**What to work on**
All of the listing below must be repeated word for word. Pictures are the only thing to omit.

**Source data**
[Start of Attachment]

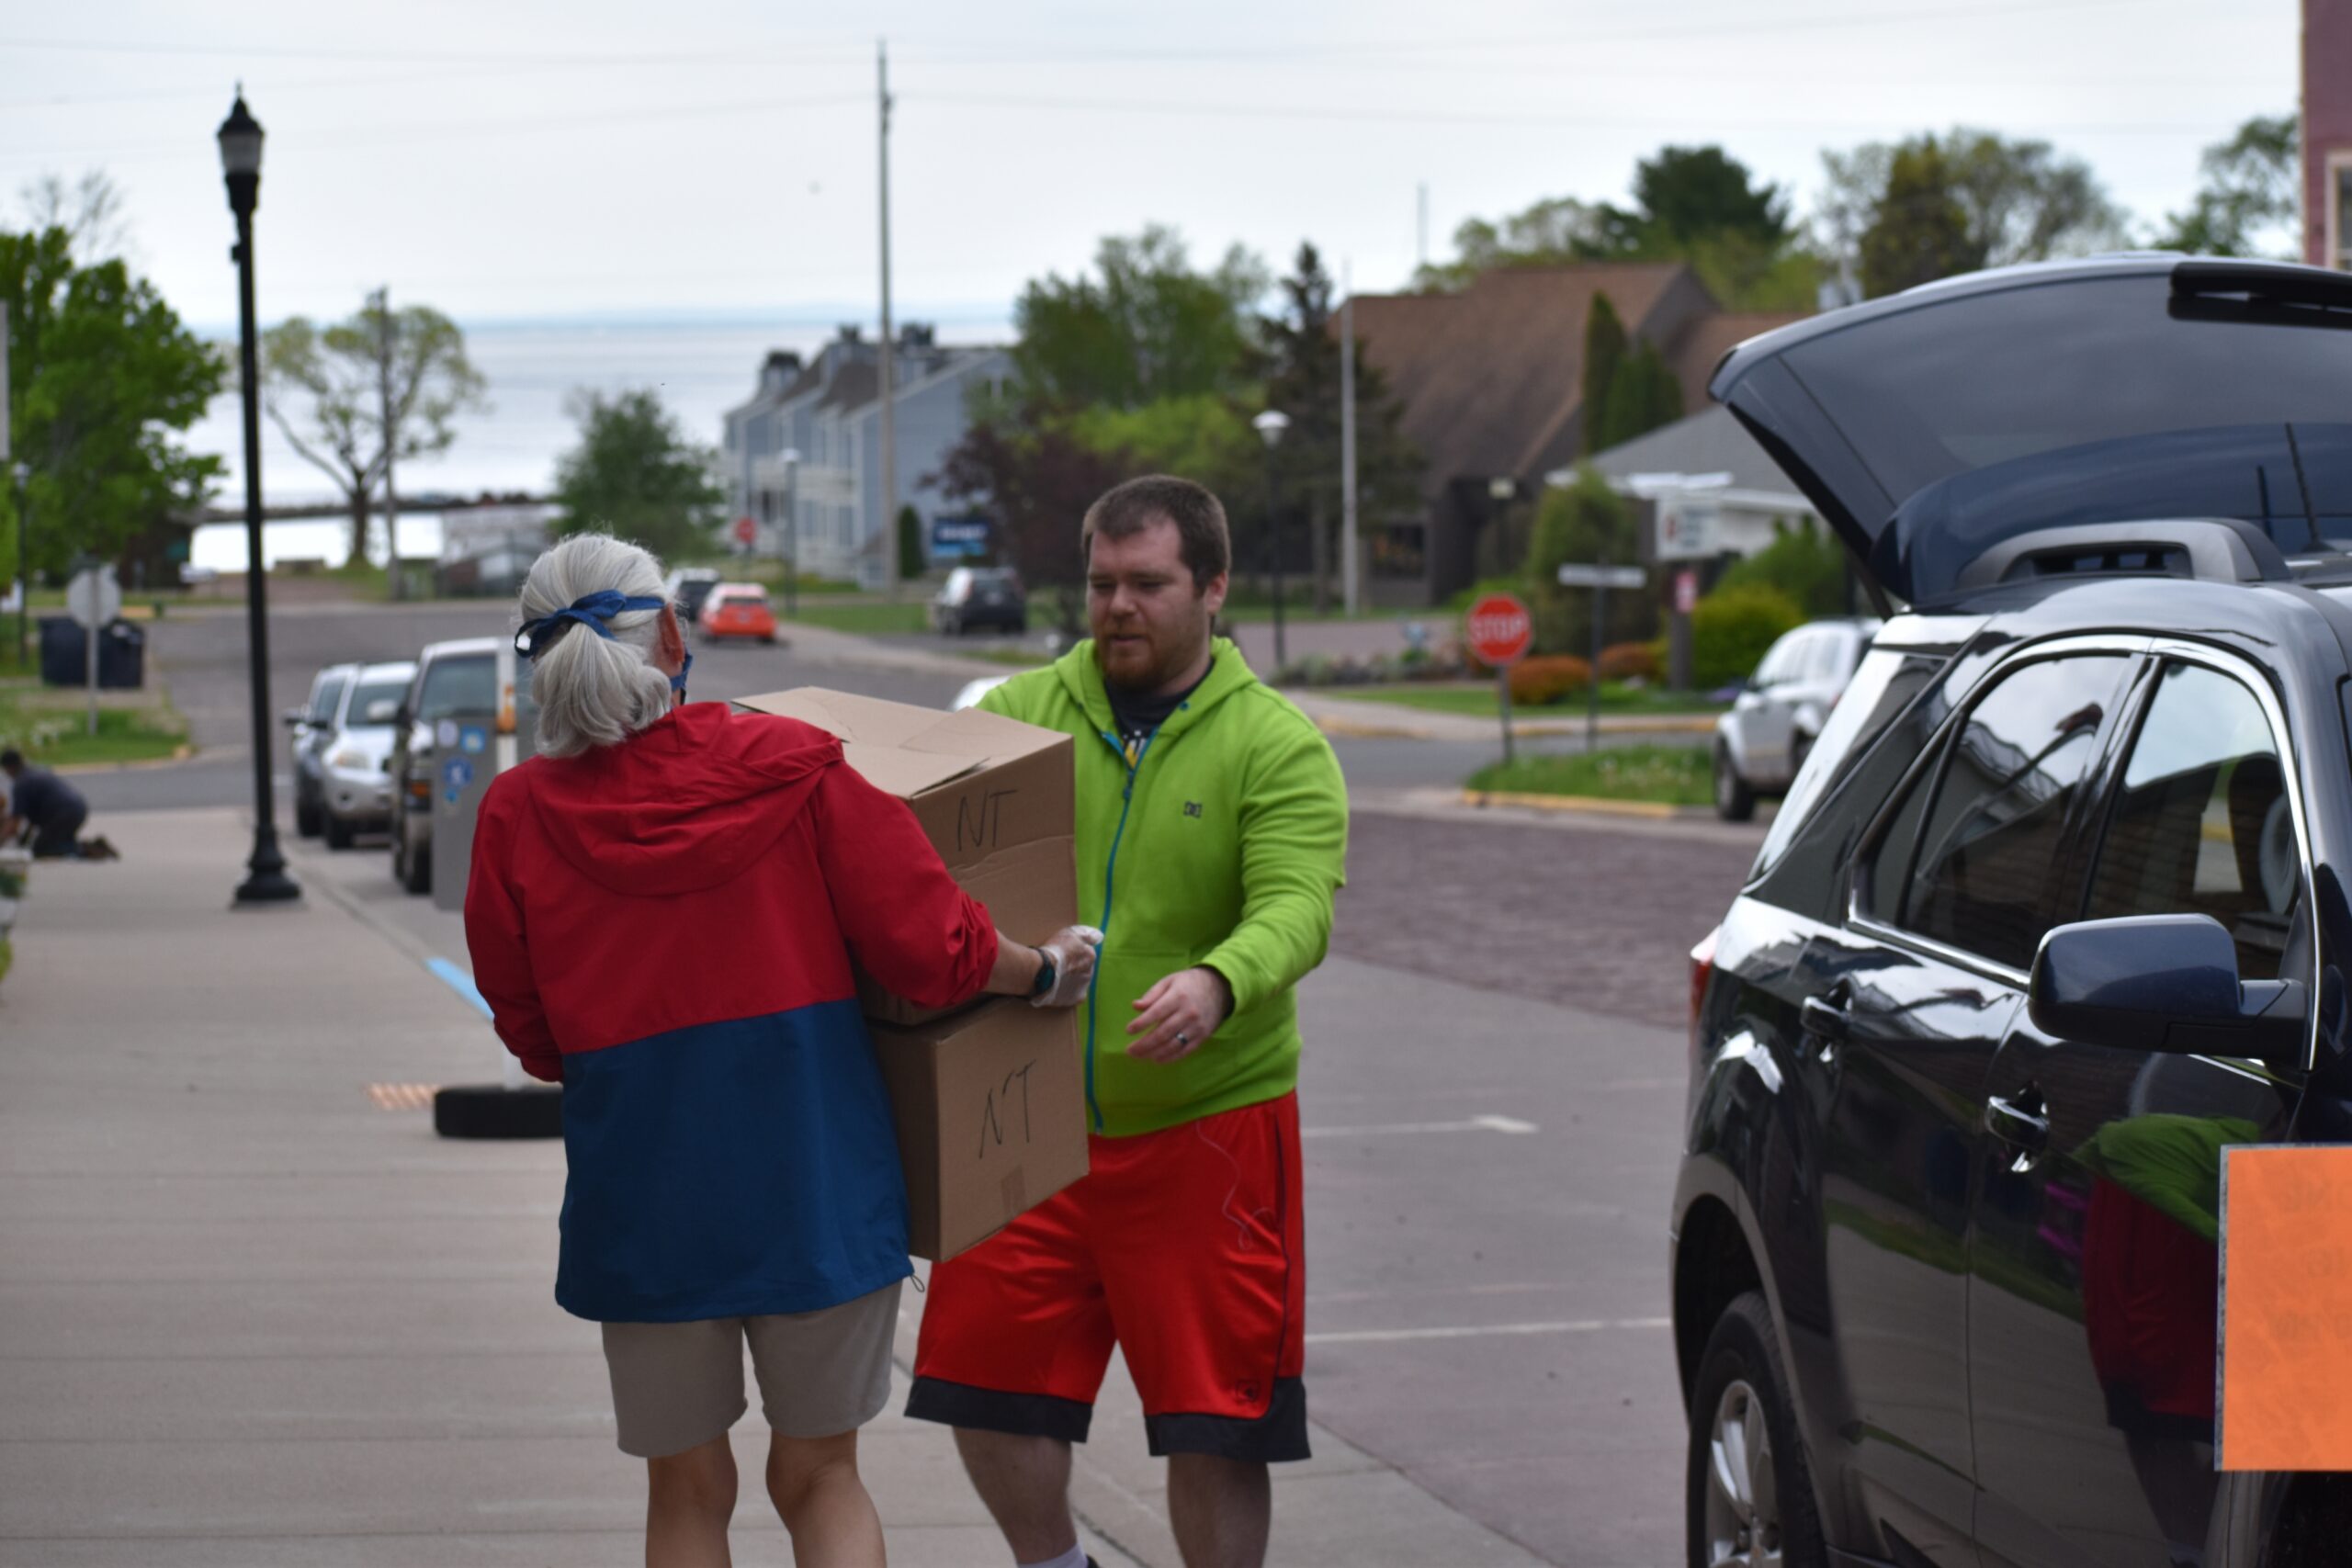 Volunteer Lisa Luttinen helps bring food boxes to Charles DeFoe
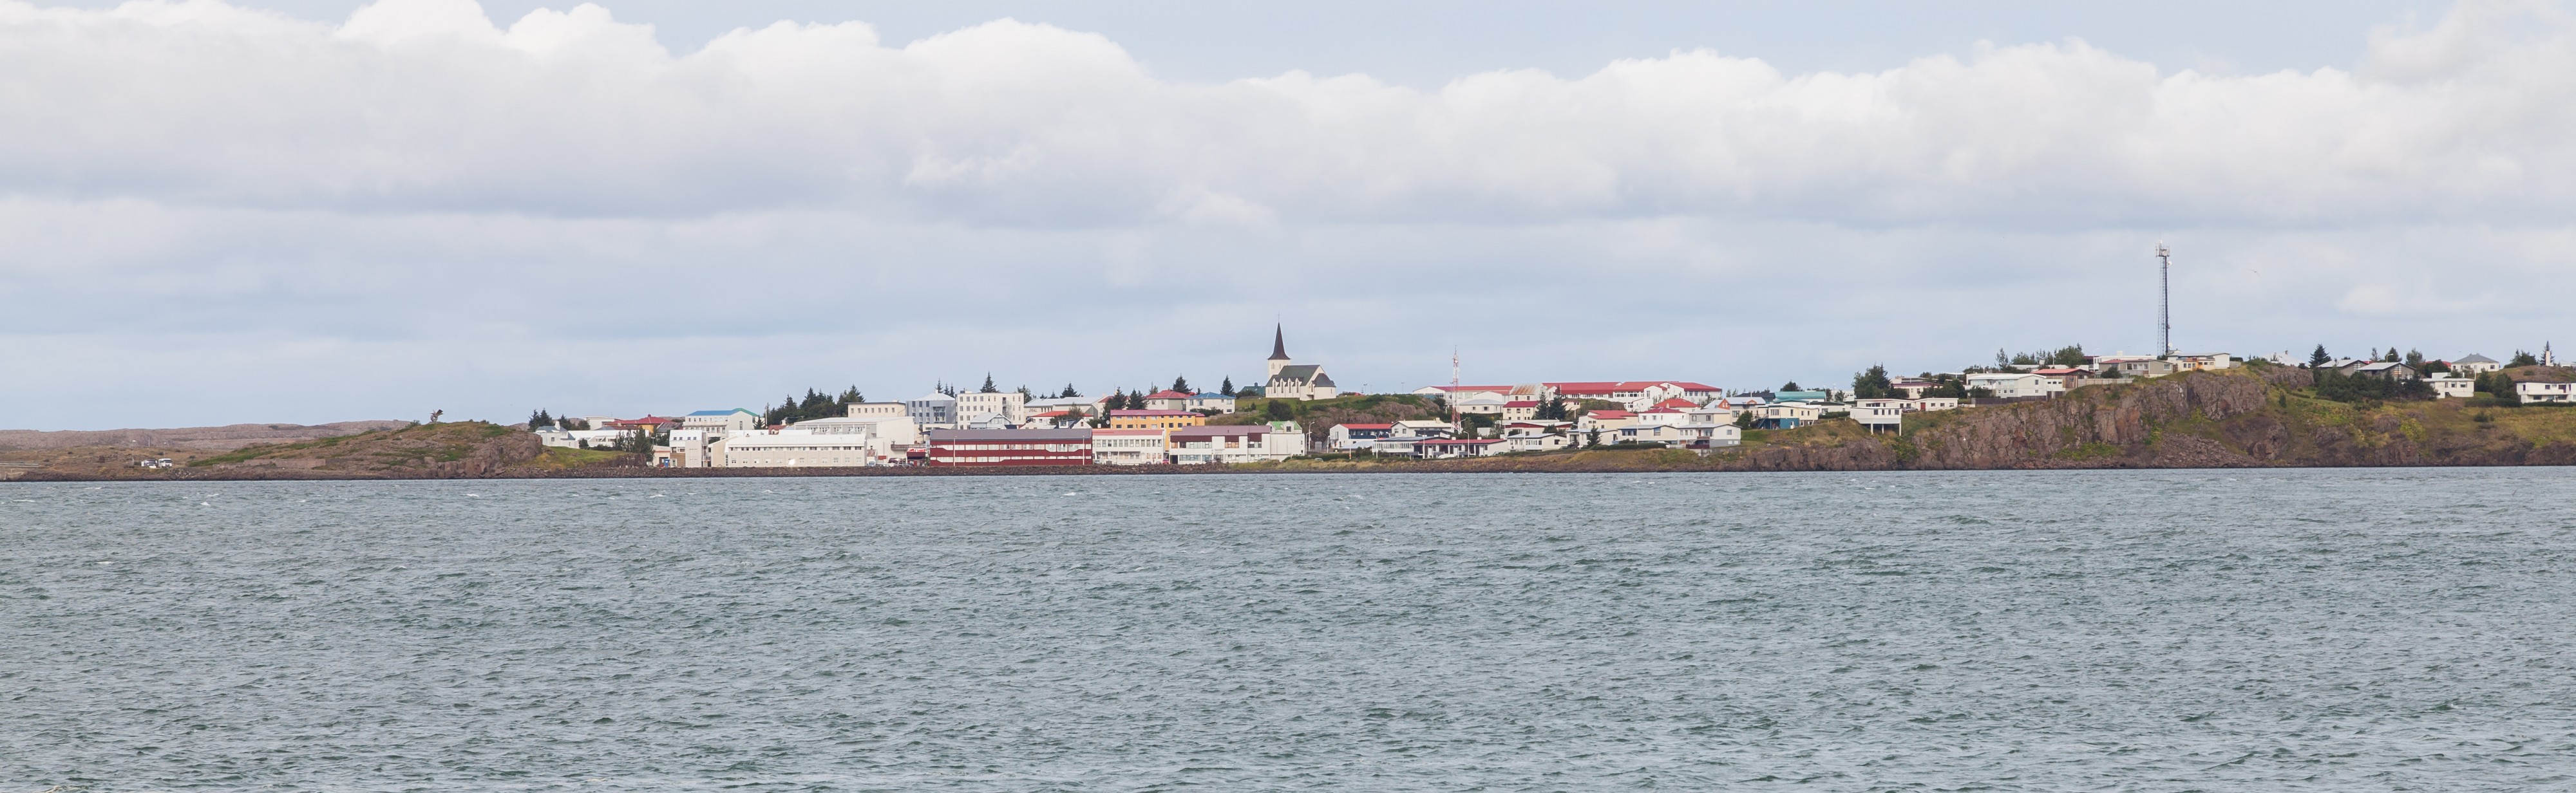 Vista de Borgarnes, Vesturland, Islandia, 2014-08-14, DD 023
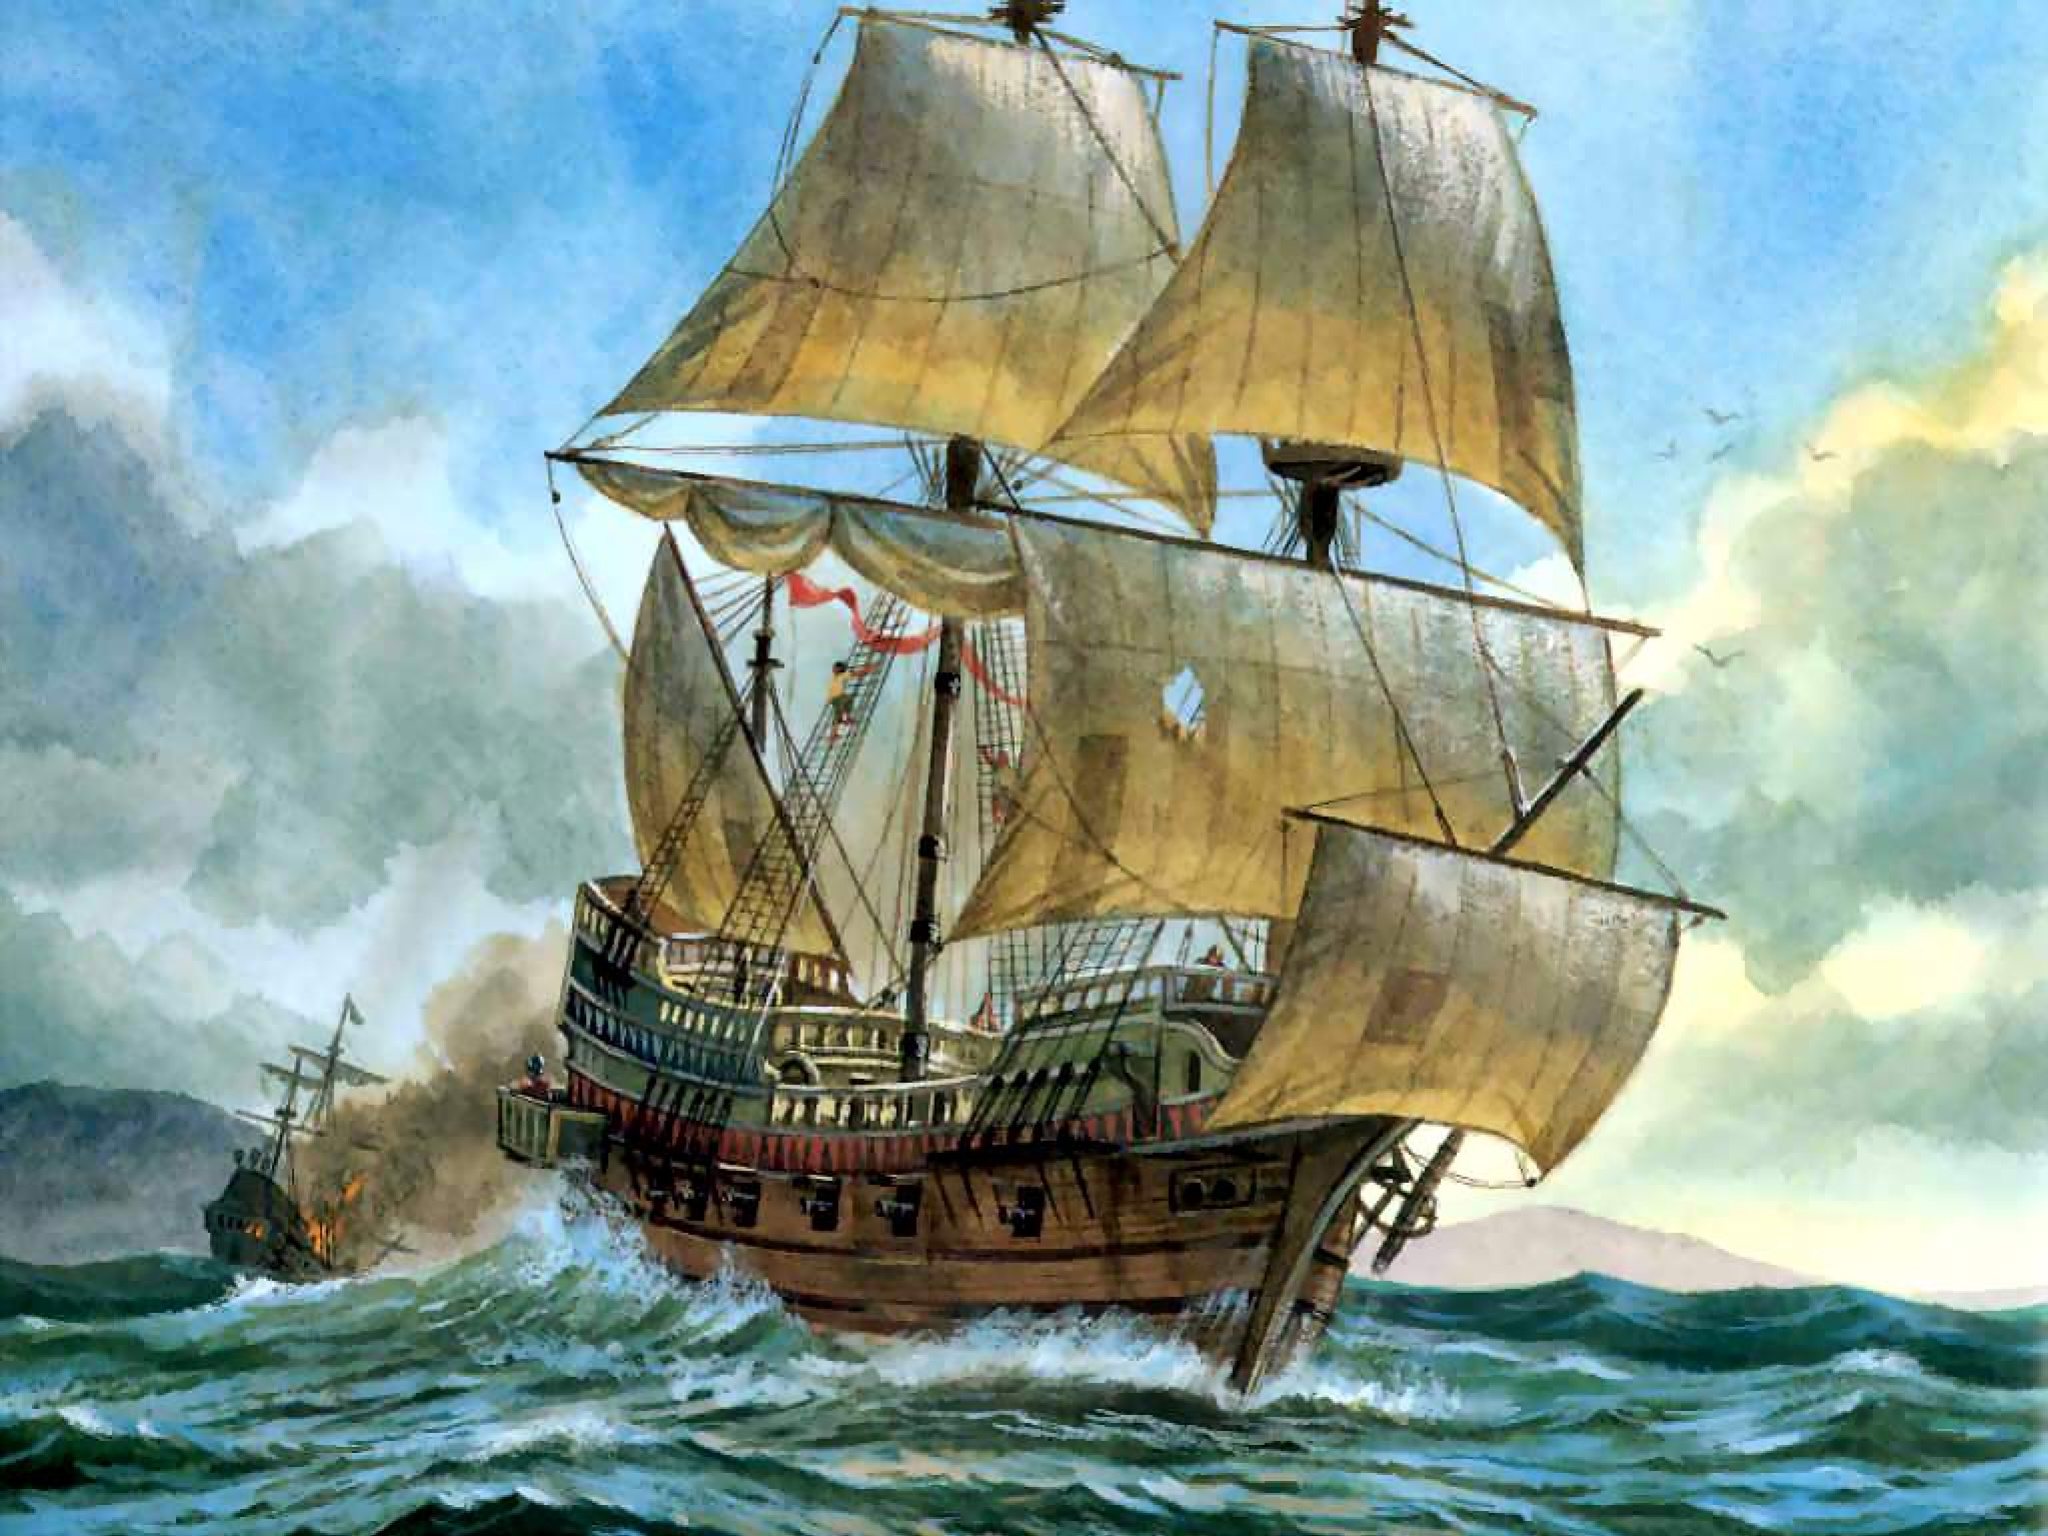 Томас Кавендиш: самый шустрый пират, который 200 лет обладал мировым рекордом скорости Кавендиш, через, корабли, «Желание», Кавендиша, после, моряков, пираты, который, всего, кругосветное, корабль, Однако, устремились, Африки, океан, галеон, «Красавчик, «Удовлетворение», вновь

[End of Attachment]

**Response**
 Volunteer Lisa Luttinen helps bring food boxes to Charles DeFoe
 Vista de Borgarnes, Vesturland, Islandia, 2014-08-14, DD 023
 Томас Кавендиш: самый шустрый пират, который 200 лет обладал мировым рекордом скорости Кавендиш, через, корабли, «Желание», Кавендиша, после, моряков, пираты, который, всего, кругосветное, корабль, Однако, устремились, Африки, океан, галеон, «Красавчик, «Удовлетворение», вновь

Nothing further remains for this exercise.